The expansion also aimed to construct a building with a distinctive architectural character that complements the existing facilities, takes advantage of the museum's spectacular site in Forest Park and ensures environmental sustainability. The new East Building features a dark, polished concrete façade as well as new galleries and public spaces with skylights, and a number of floor-to-ceiling windows to provide views from both inside and outside. Upon completion, the museum received LEED Gold certification for the project, which helps support sustainability of the Forest Park area--all supported by a Siemon ConvergeIT cabling system using a single, simplified structured cabling infrastructure for a smarter, greener building.
"Being based here in St. Louis and having a lot of pride in the Forest Park area and its history, we were honored to be a part of the SLAM expansion project," said Christopher. "Having always been an icon on the hill, the museum is more spectacular than ever before."

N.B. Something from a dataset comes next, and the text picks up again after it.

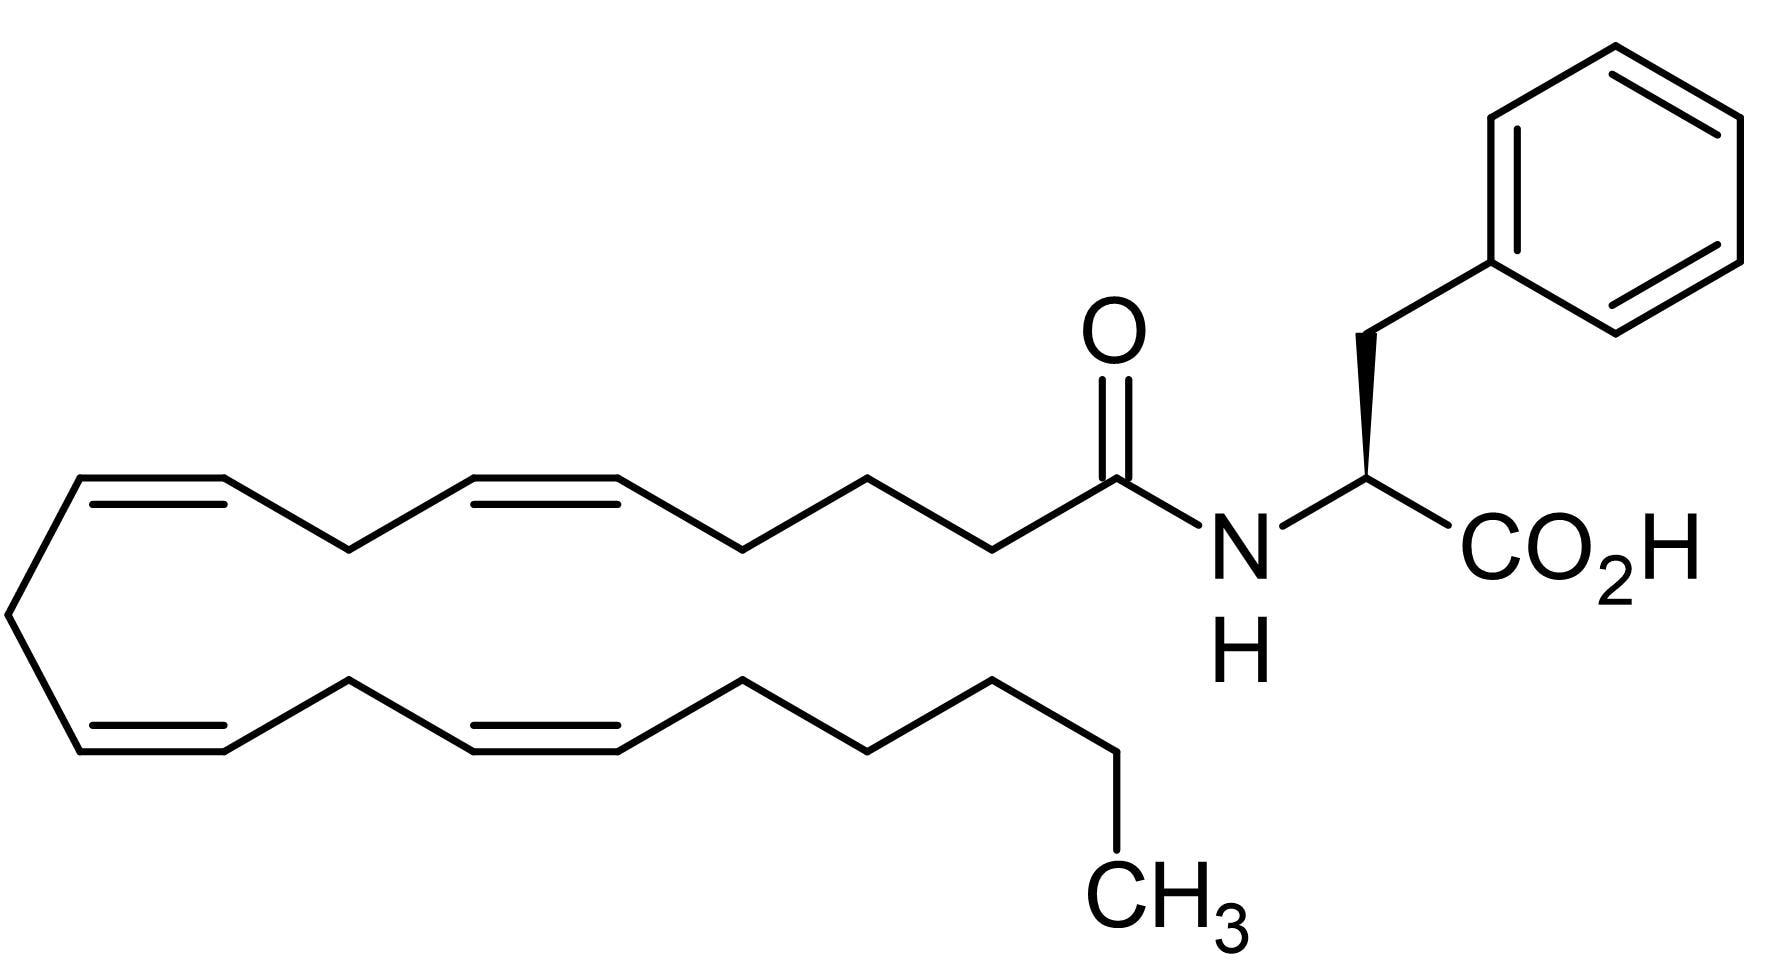 Chemical Structure - N-Arachidonoyl-L-phenylalanine, Arachidonoyl amino acid (ab141612)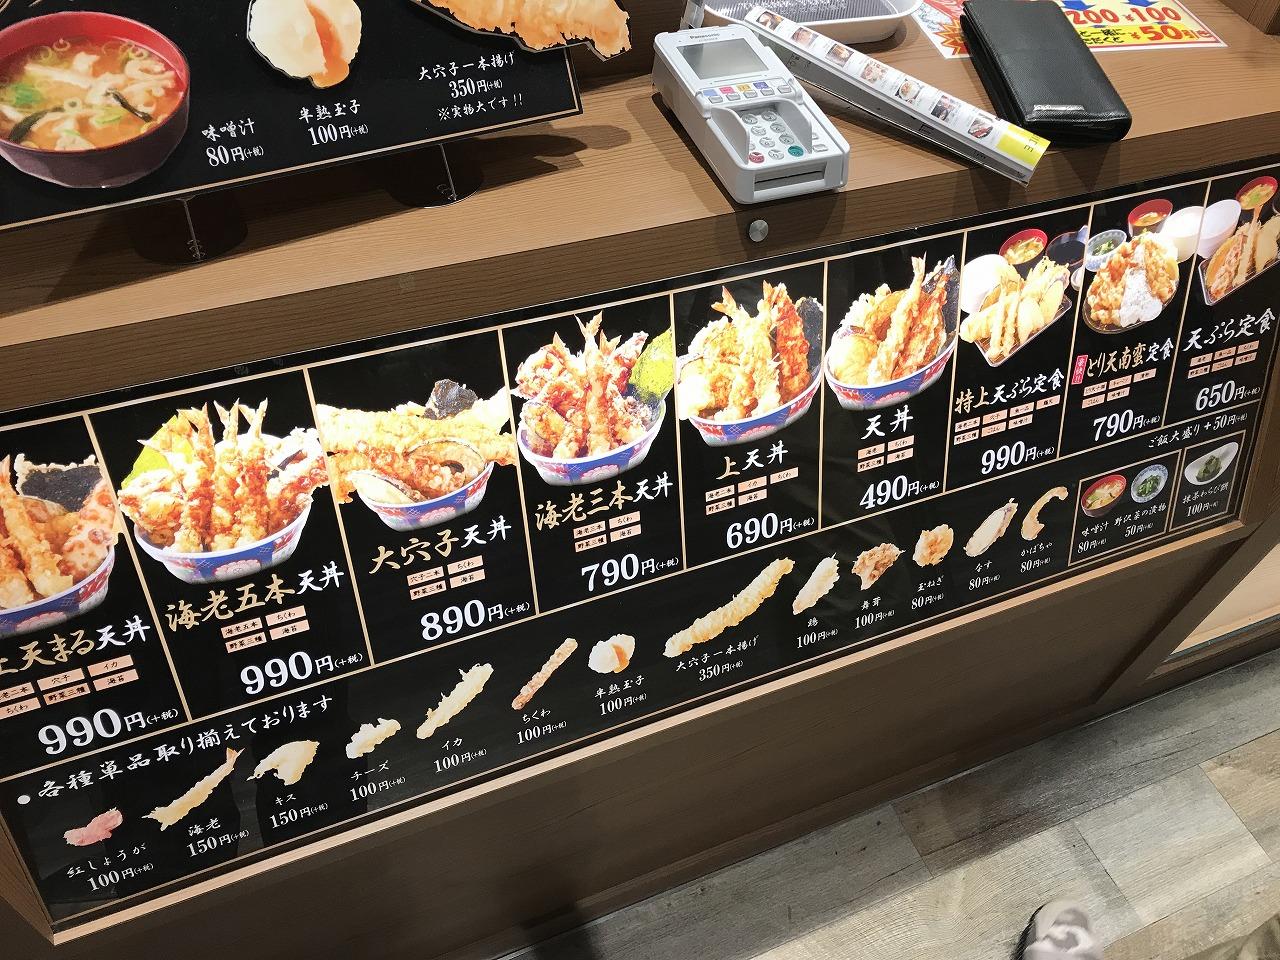 揚げ天まる(イオンモール宮崎店)のメニュー

The museum scheduled a June 29th opening with a grand celebration including a gala and ribbon-cutting ceremony, and Stockmann is confident the Siemon cabling infrastructure William Tao designed will support the museum's technology needs for many years to come. "This infrastructure gives us the capability to handle anything that comes our way for probably more than 25 years," he said. "Any limitations in bandwidth will be with the outside services coming to the building, not with the structured cabling inside."
|The museum established a high-availability location, shown here, in the new East Building. The location is tied to a separate backup generator and replicates the entire hosted environment via 10-Gbit/sec fiber connections. If the primary data center and generator are lost, the high-availability location can keep the museum 100-percent online.|
Stockmann enjoyed working with Siemon, and ultimately had his IT team become Siemon Certified Installers to be able to install additional network locations and better maintain and manage the infrastructure, while maintaining the warranty. "From our very first conversation through today, the pride and enthusiasm that Siemon has had for this project is evident in every aspect," he said. "From identifying the appropriate solutions right down to the face plates and the training, working with Siemon was seamless. But cabling isn't just cabling--the people behind it make the difference, and Siemon definitely made a difference." ::
Robert Carlson is vice president of global marketing for The Siemon Company (www.siemon.com).